> [Source material]:

__________________________________________________

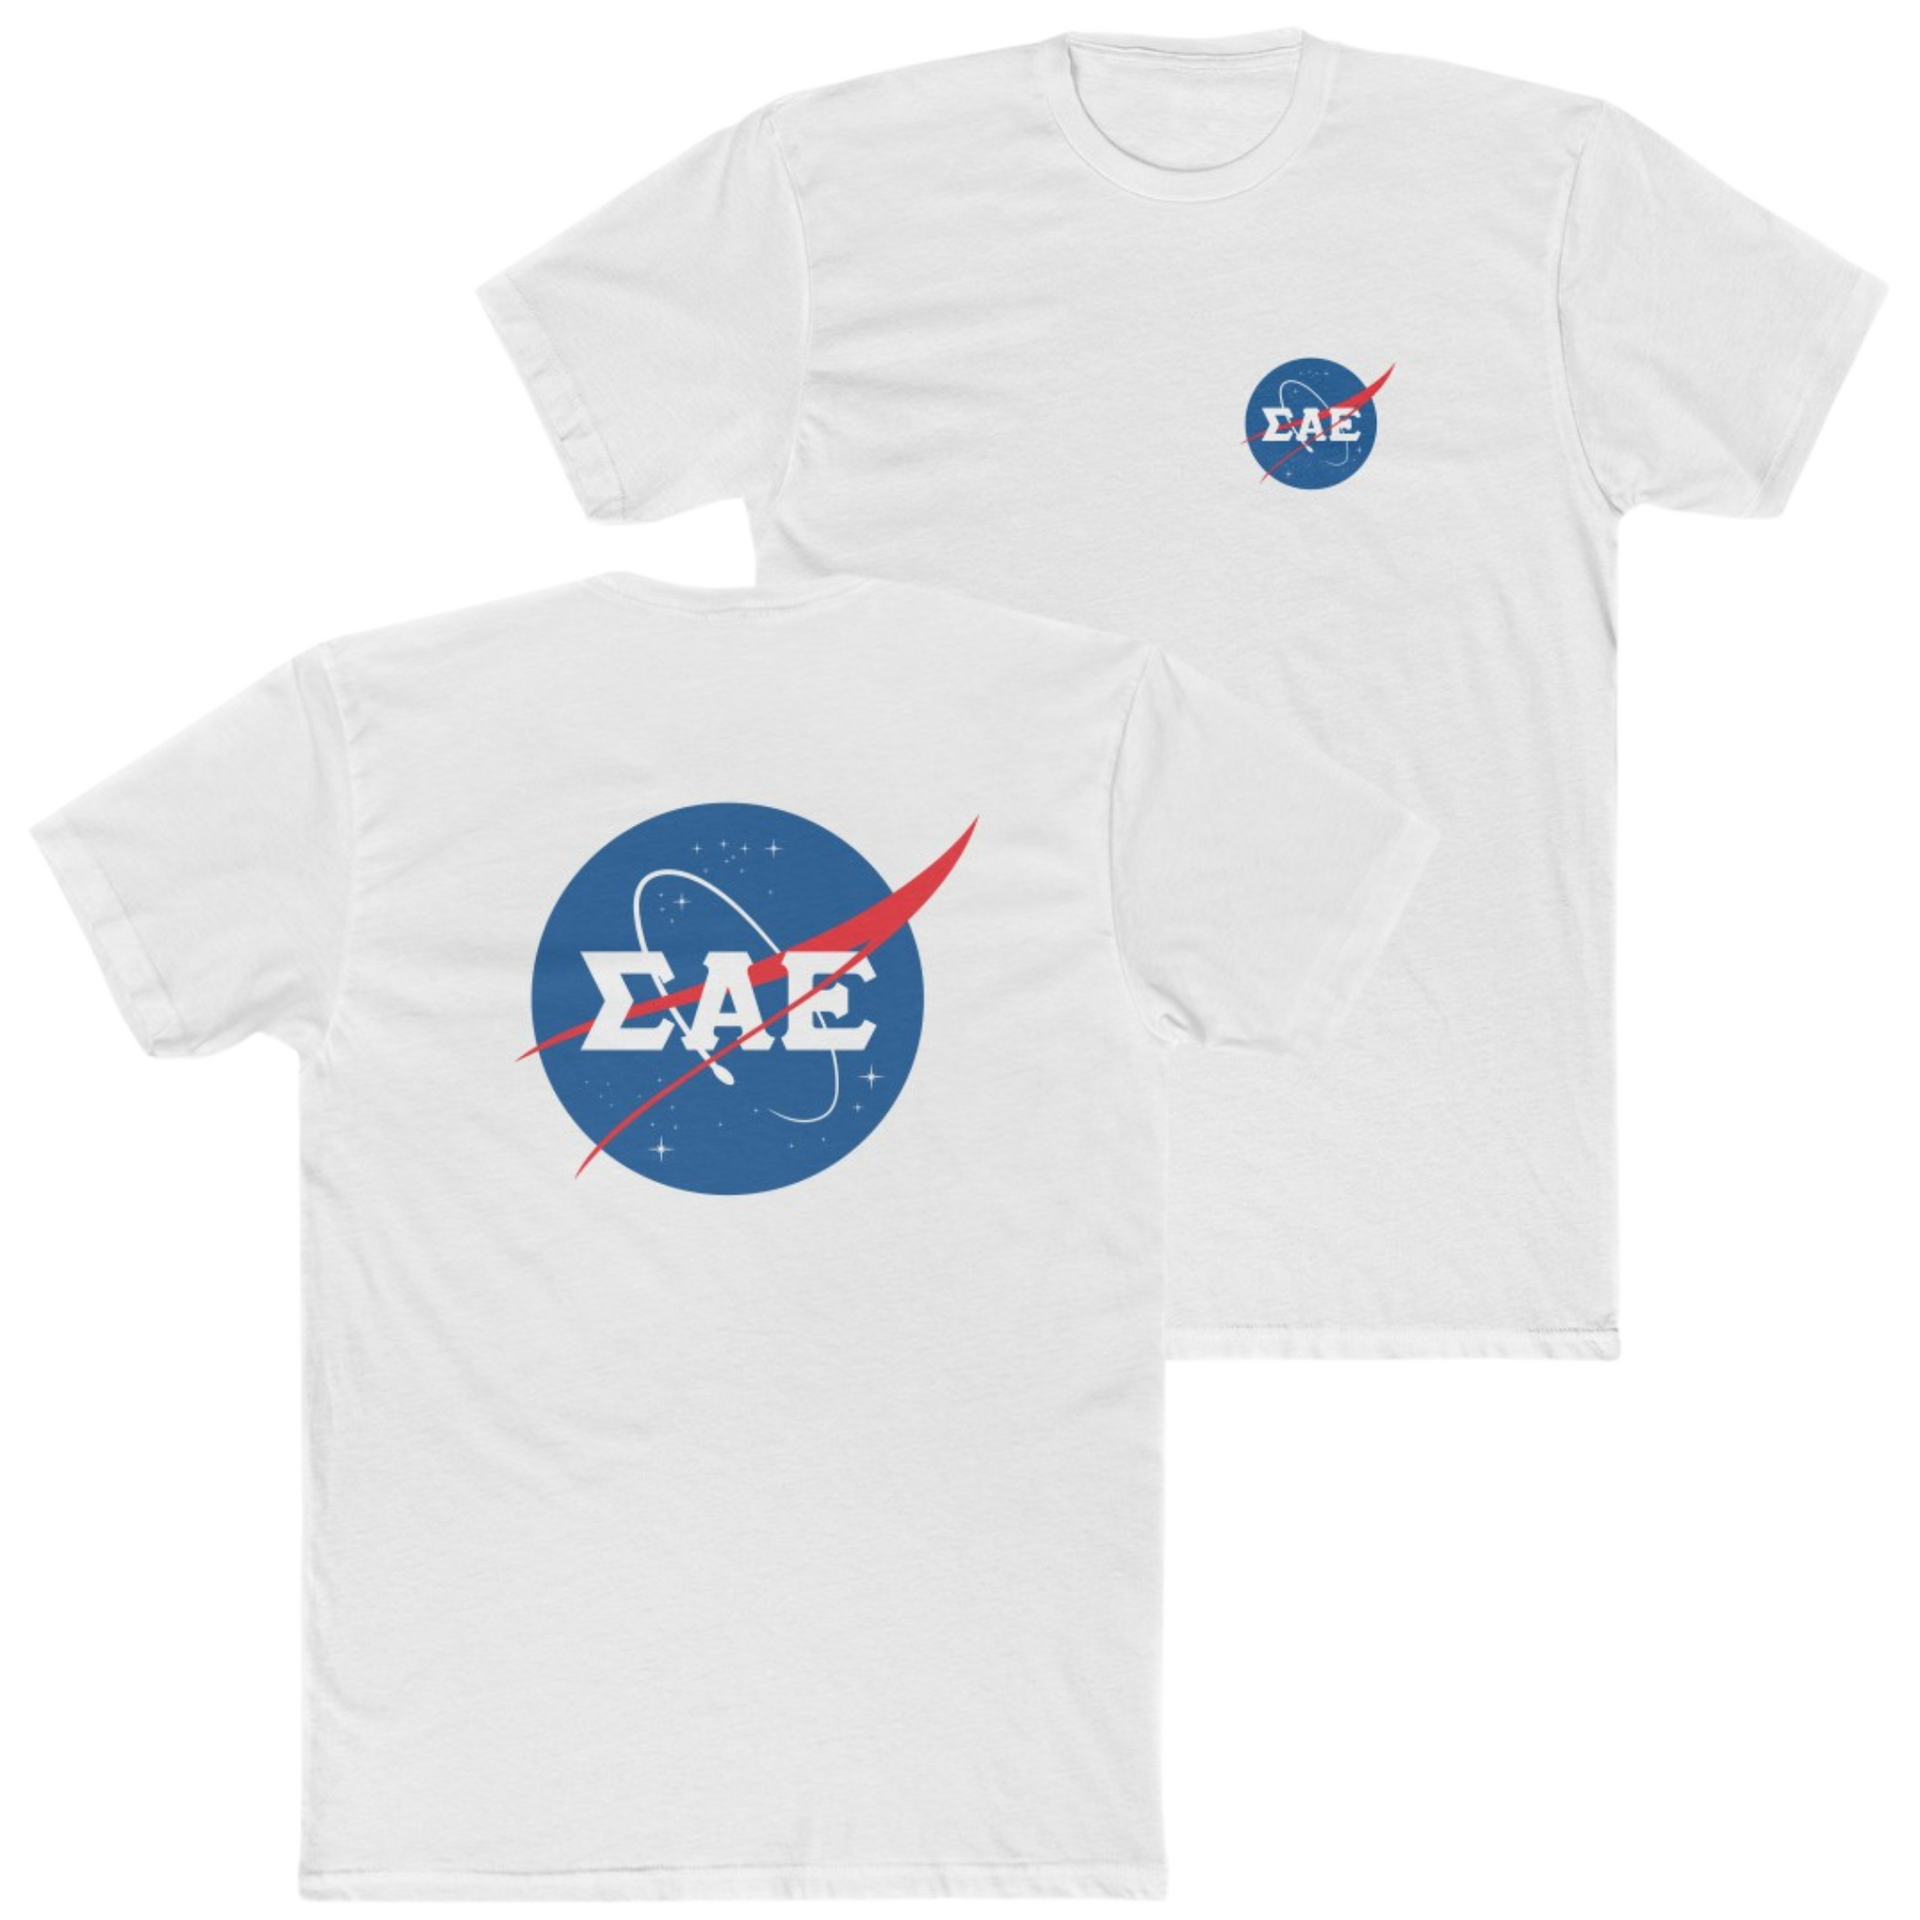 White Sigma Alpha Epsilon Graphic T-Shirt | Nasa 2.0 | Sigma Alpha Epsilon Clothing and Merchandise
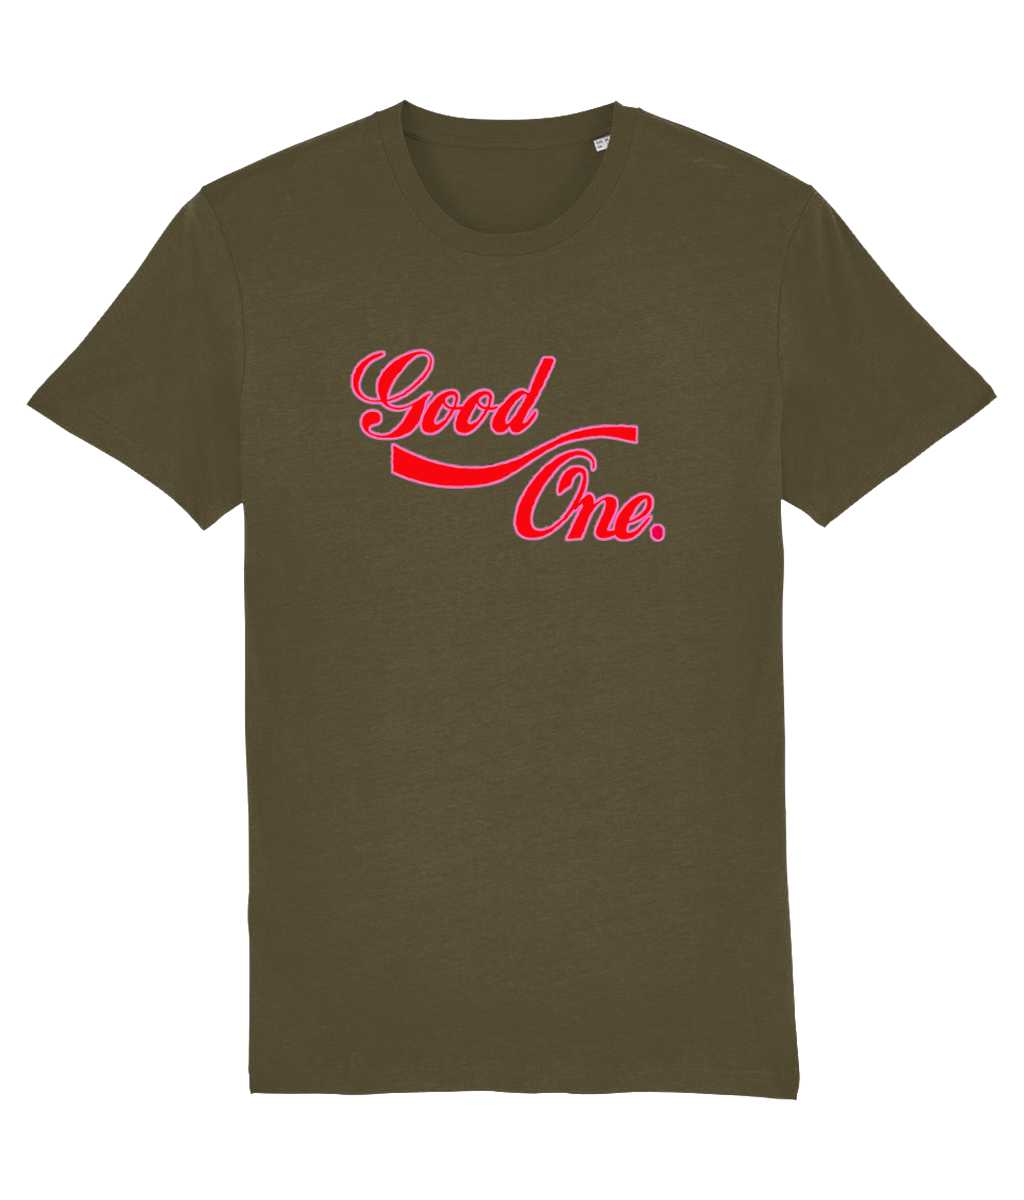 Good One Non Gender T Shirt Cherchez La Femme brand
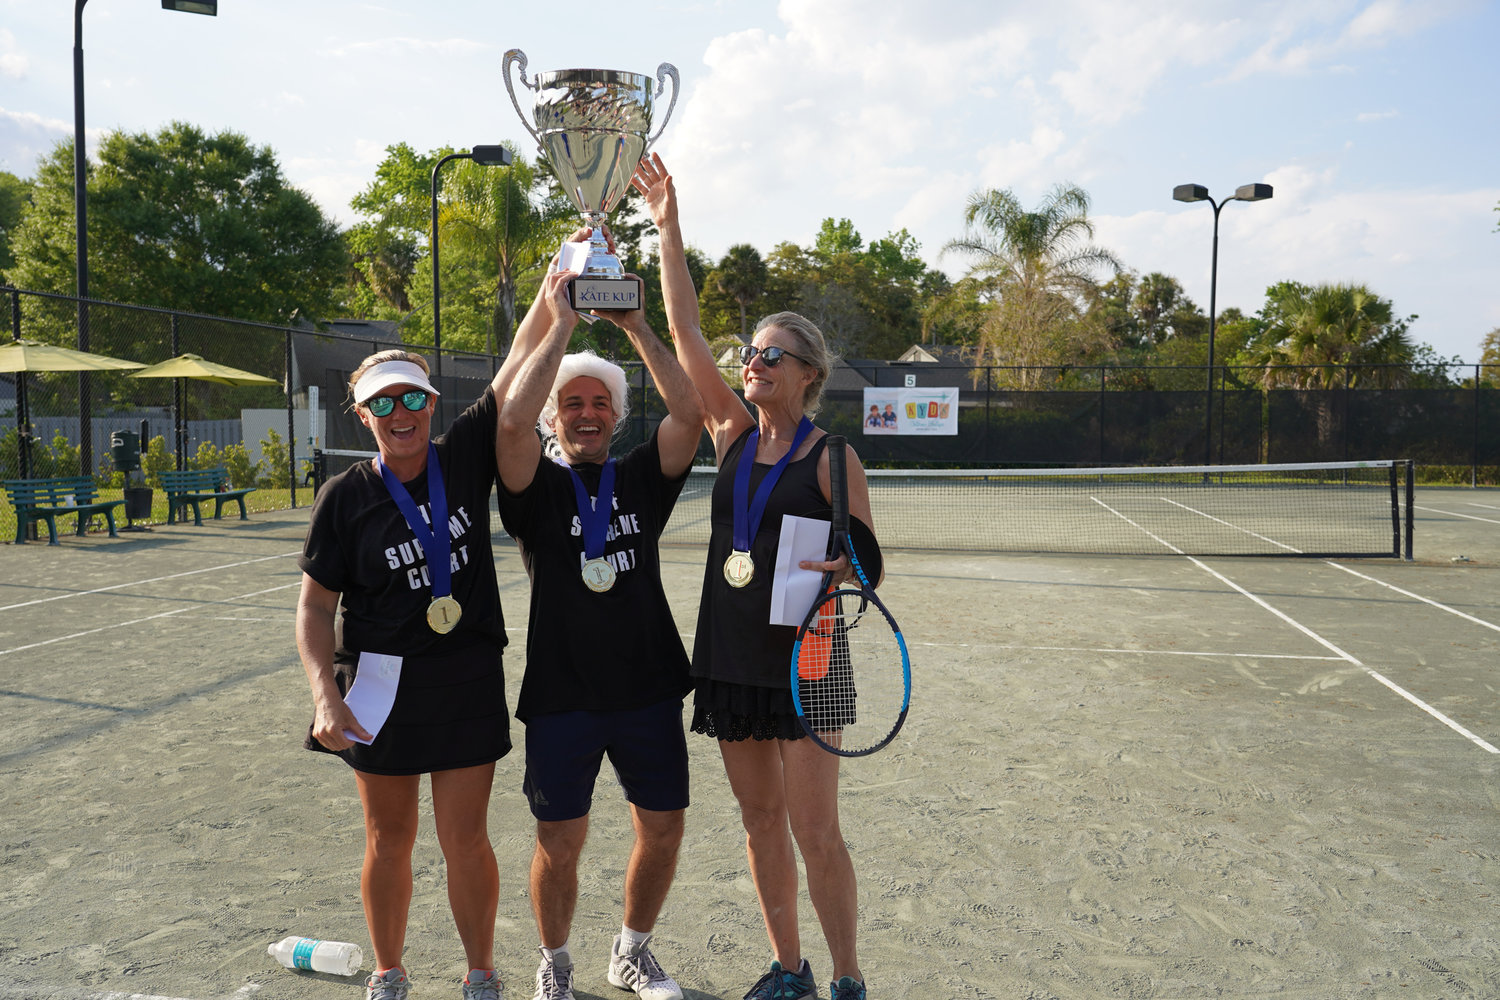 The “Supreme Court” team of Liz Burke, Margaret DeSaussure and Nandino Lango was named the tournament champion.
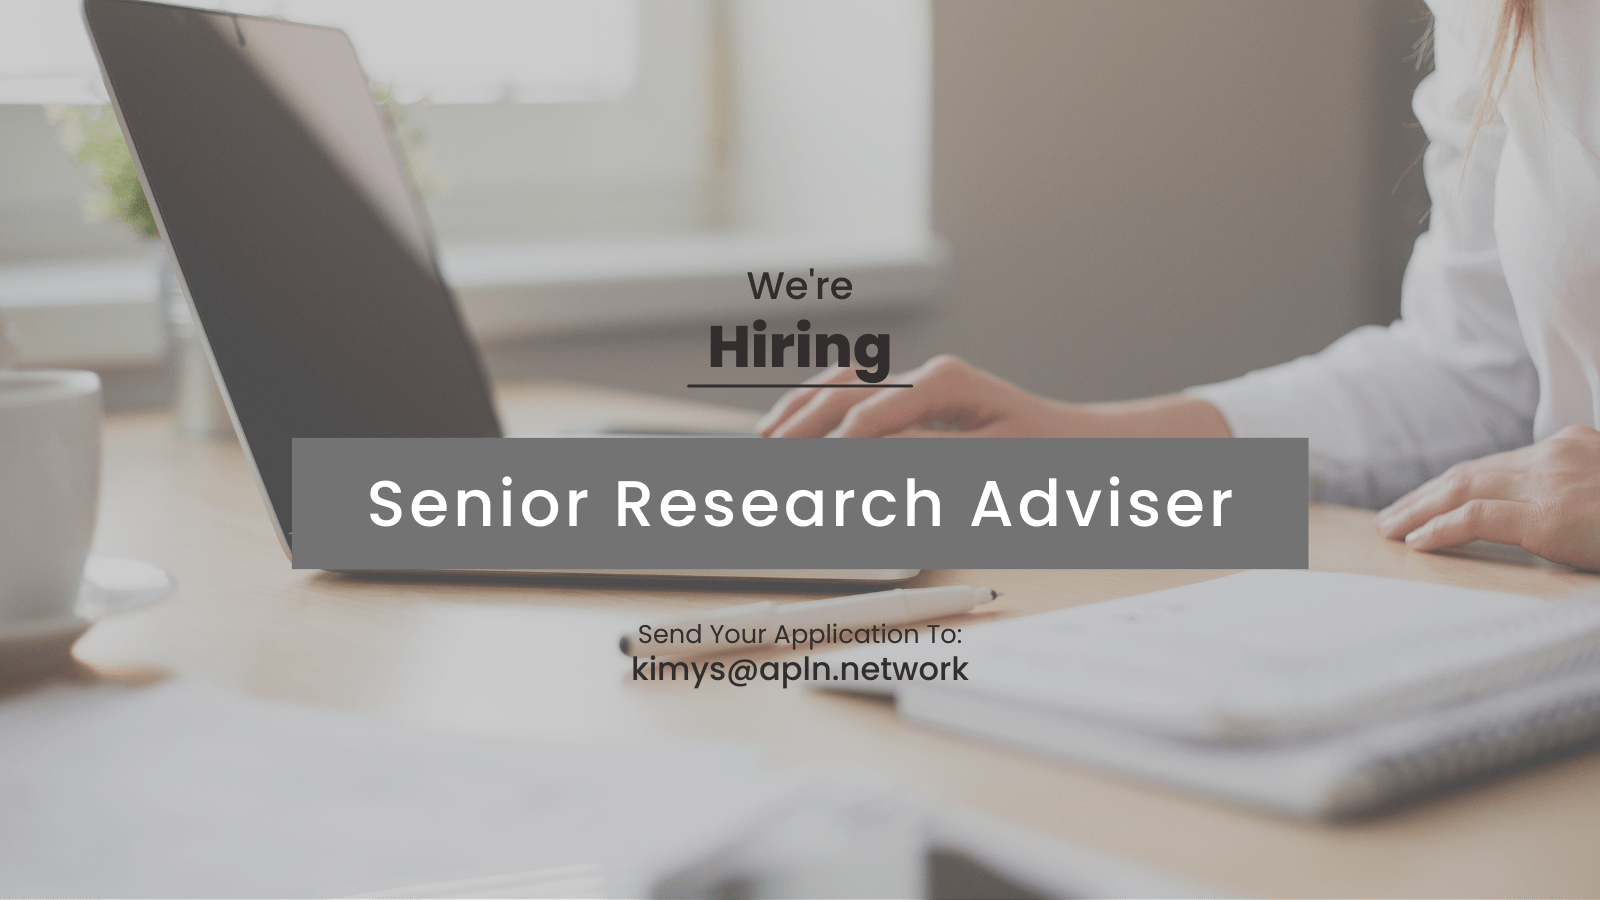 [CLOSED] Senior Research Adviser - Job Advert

__________________________________________________

> [Task objective]:
Leaving every picture out, write out exactly the lines from the beginning of the listing above to the line with "the tournament champion.", inclusive.

> [Written answer]:
 White Sigma Alpha Epsilon Graphic T-Shirt | Nasa 2.0 | Sigma Alpha Epsilon Clothing and Merchandise
 Good One Non Gender T Shirt Cherchez La Femme brand
 The “Supreme Court” team of Liz Burke, Margaret DeSaussure and Nandino Lango was named the tournament champion.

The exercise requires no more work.